━━━━━ Data section

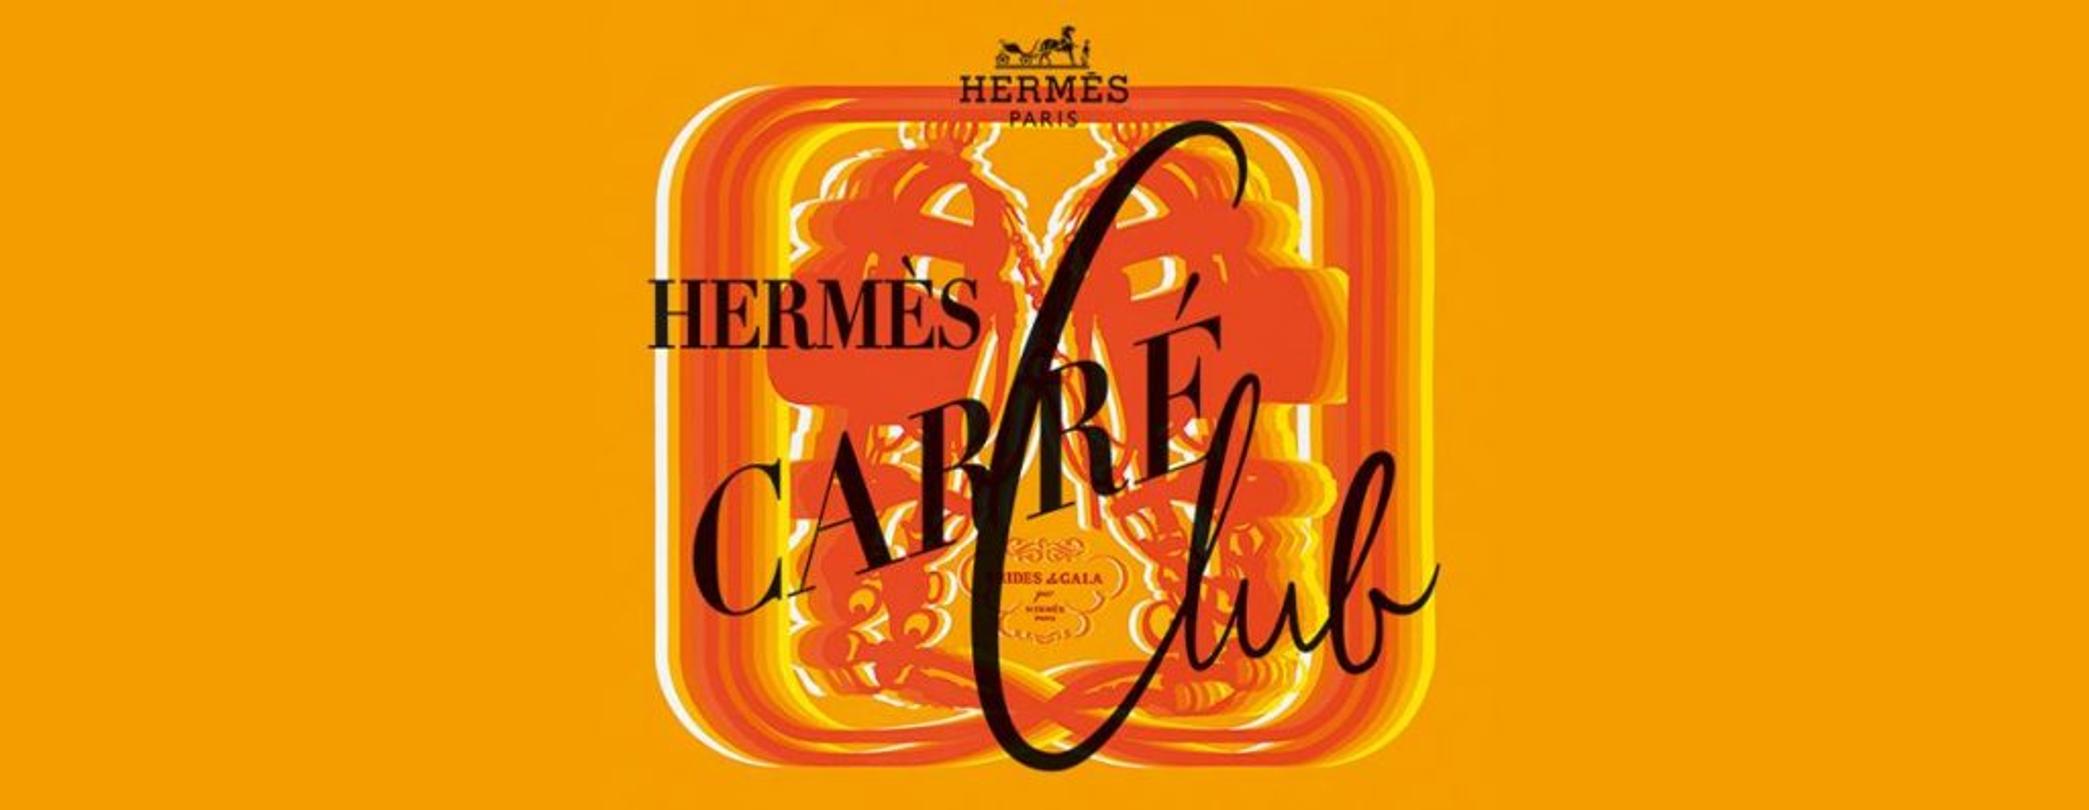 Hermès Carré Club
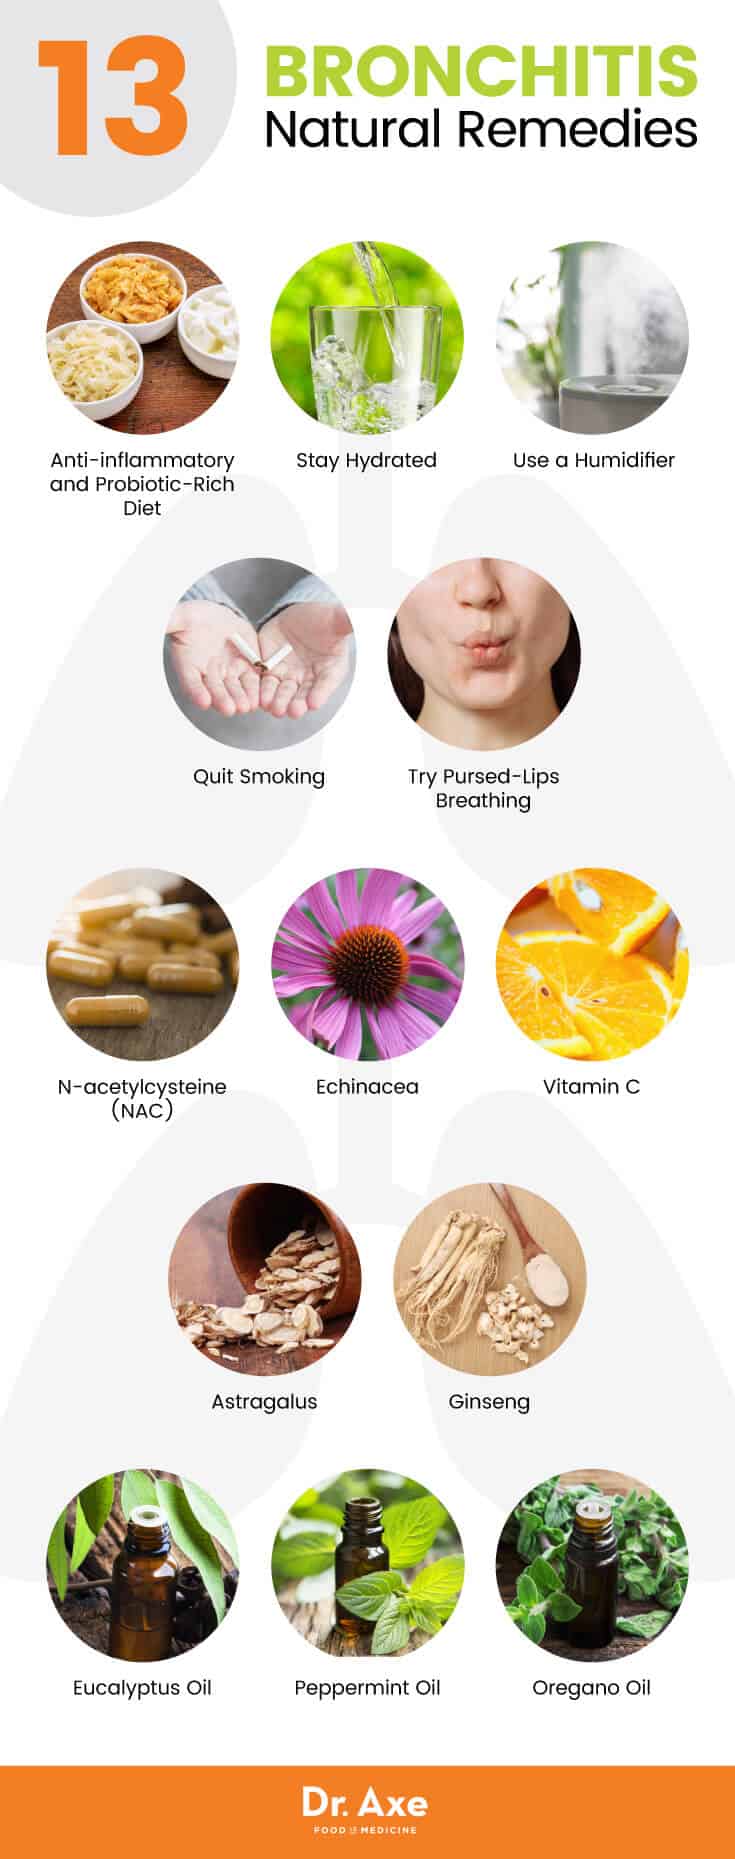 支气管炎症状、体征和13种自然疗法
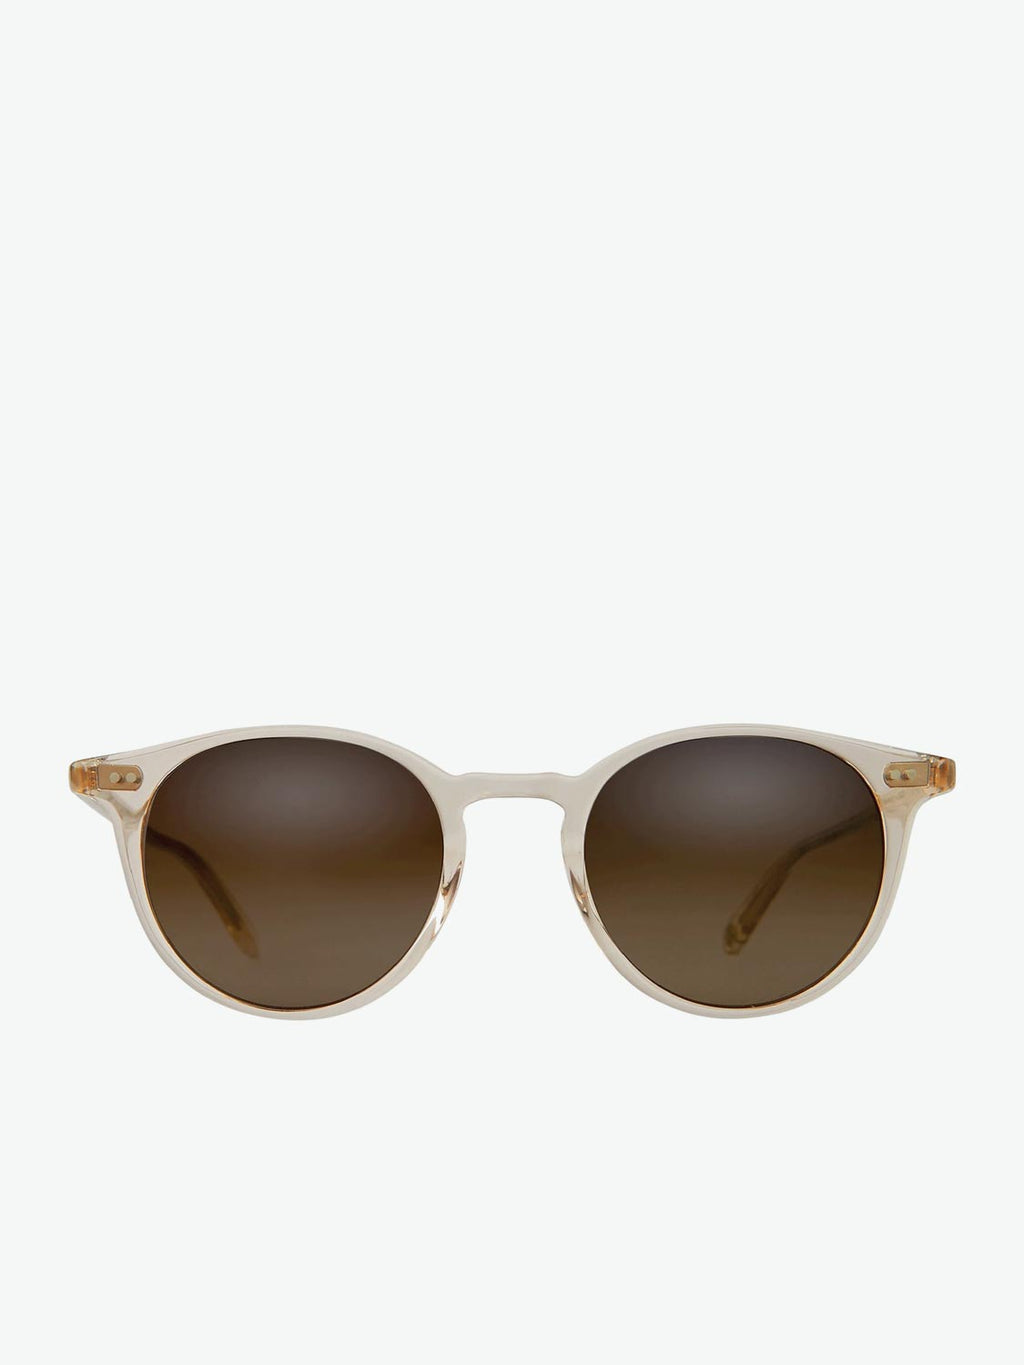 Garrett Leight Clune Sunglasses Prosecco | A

━━━━━━━━━━
━━━━━ Data section

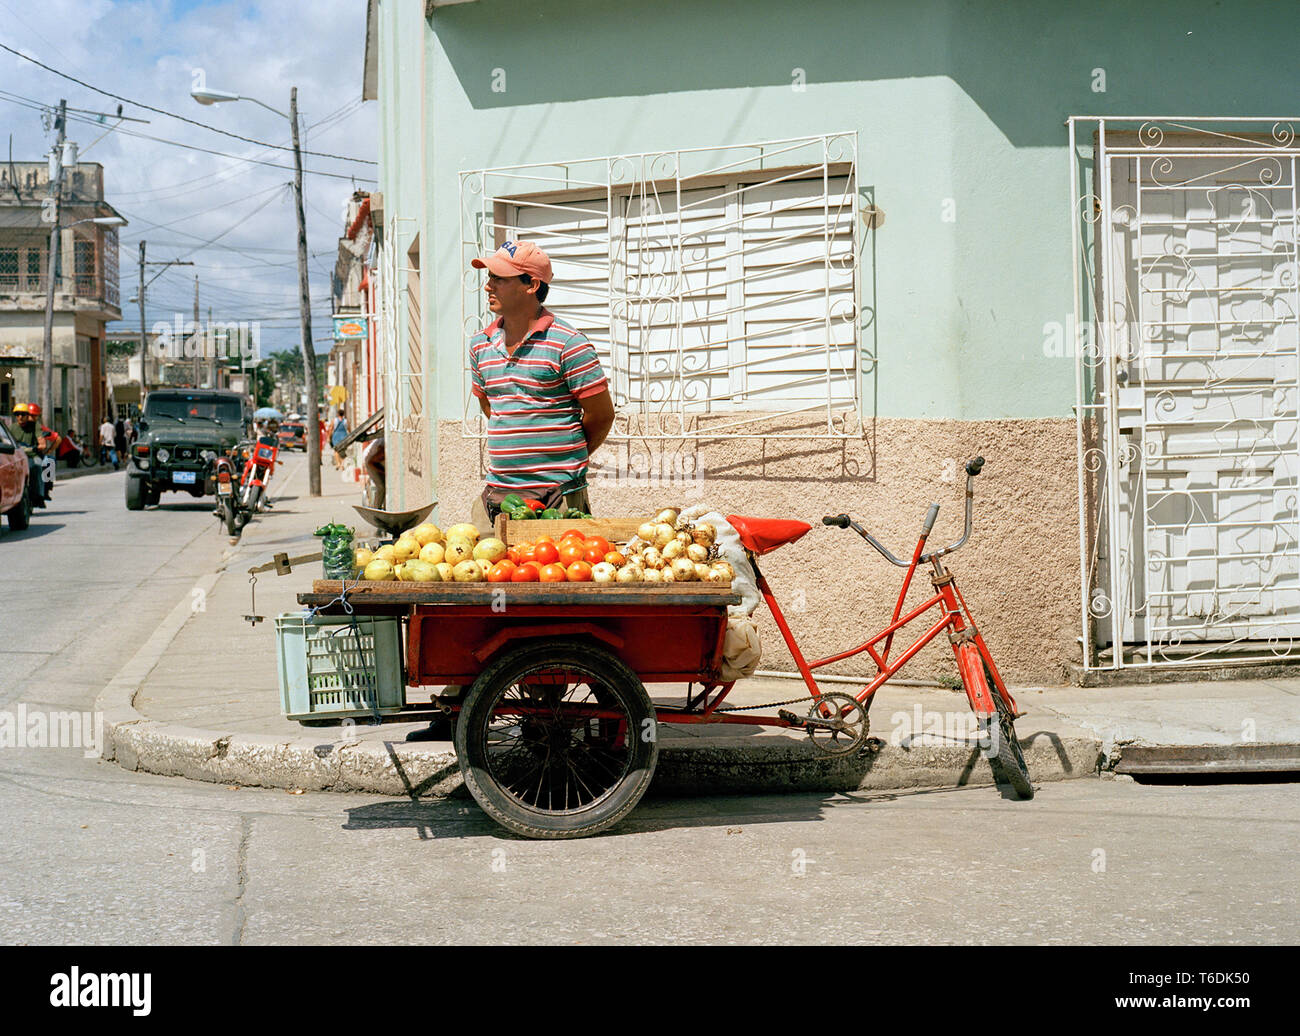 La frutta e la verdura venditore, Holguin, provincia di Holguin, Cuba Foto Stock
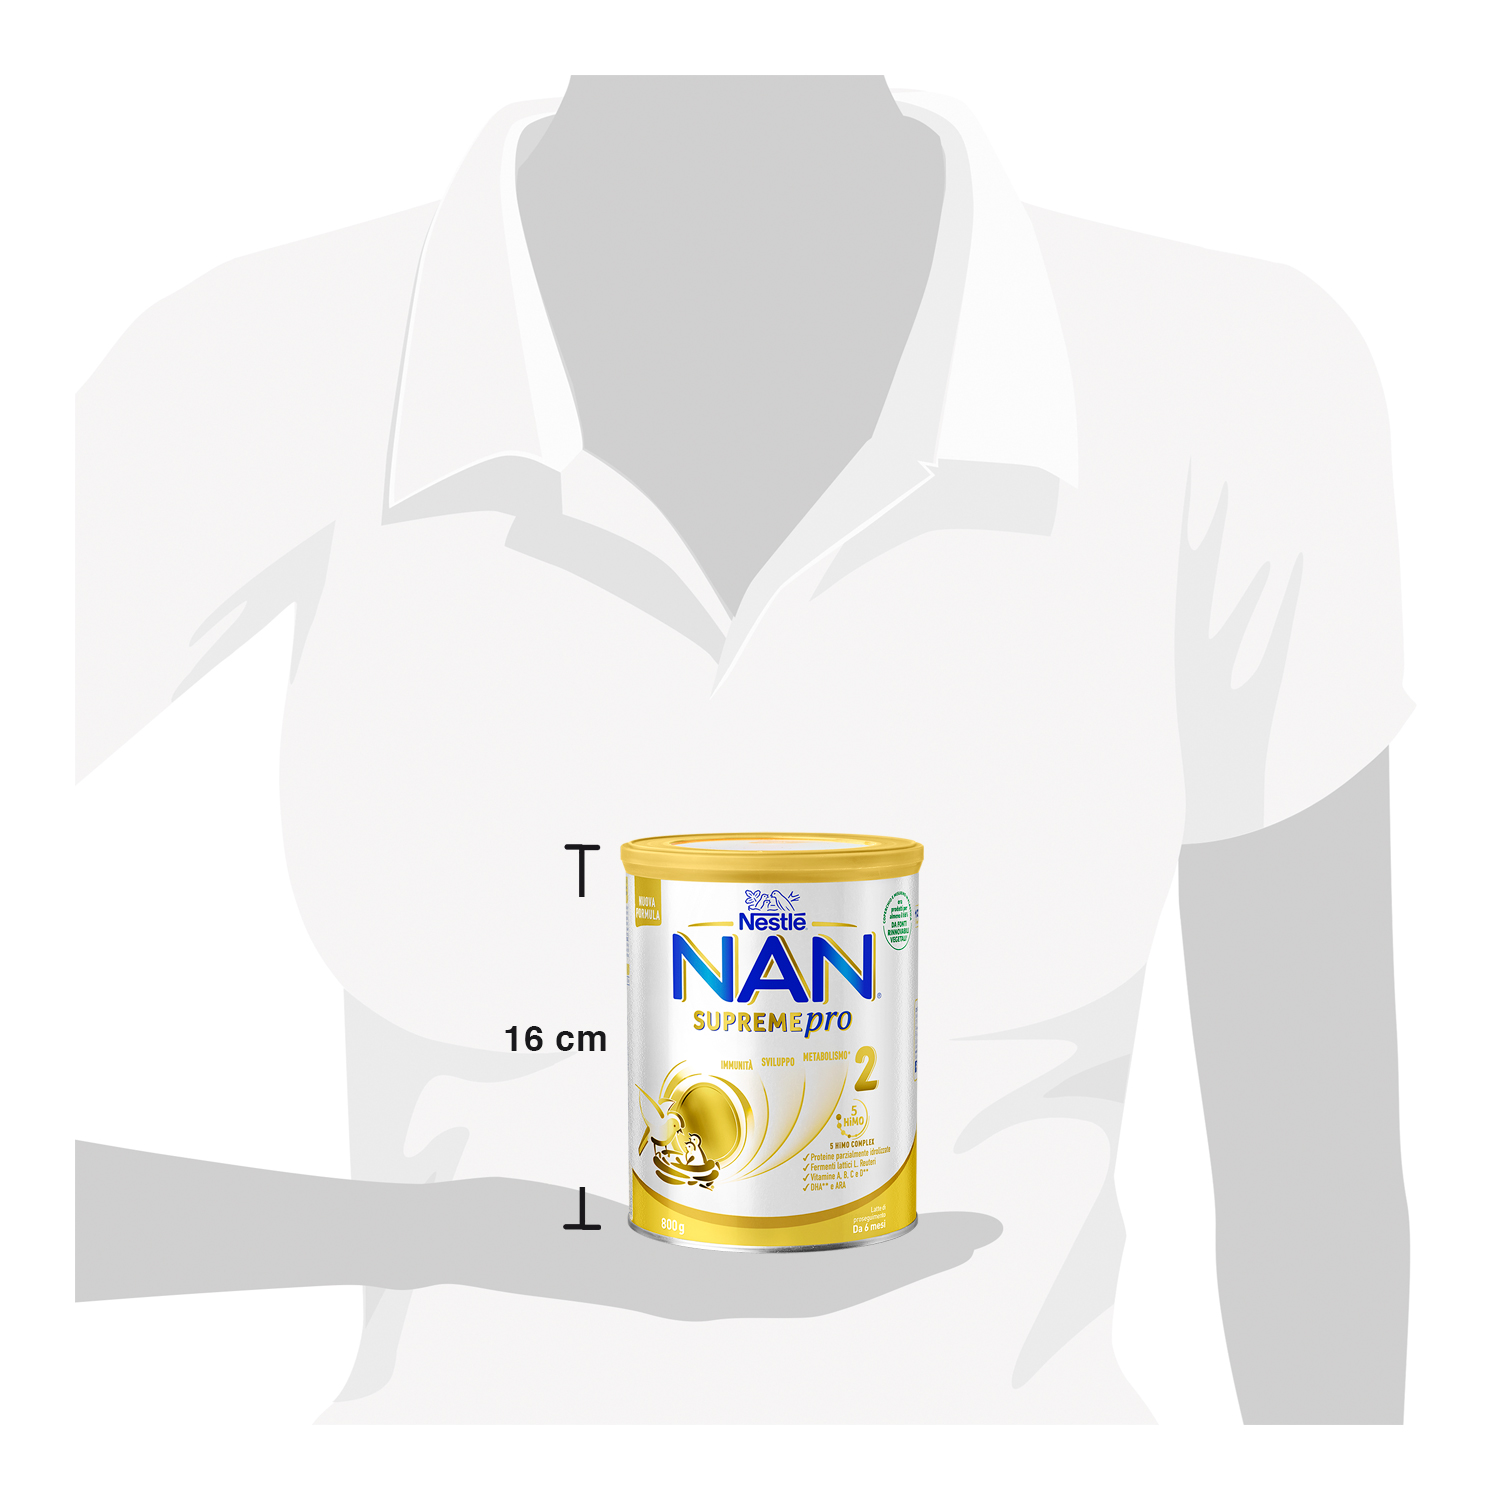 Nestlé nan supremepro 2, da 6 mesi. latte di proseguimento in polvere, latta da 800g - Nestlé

━━━━━━━━━━

Your goal:
What is needed is an exact copy of the lines above from the one with "La frutta e" to the one with "Nestlé nan supremepro", both ends kept, and nothing more; please leave the pictures out.

Solution to the exercise:
 La frutta e la verdura venditore, Holguin, provincia di Holguin, Cuba Foto Stock
 Nestlé nan supremepro 2, da 6 mesi. latte di proseguimento in polvere, latta da 800g - Nestlé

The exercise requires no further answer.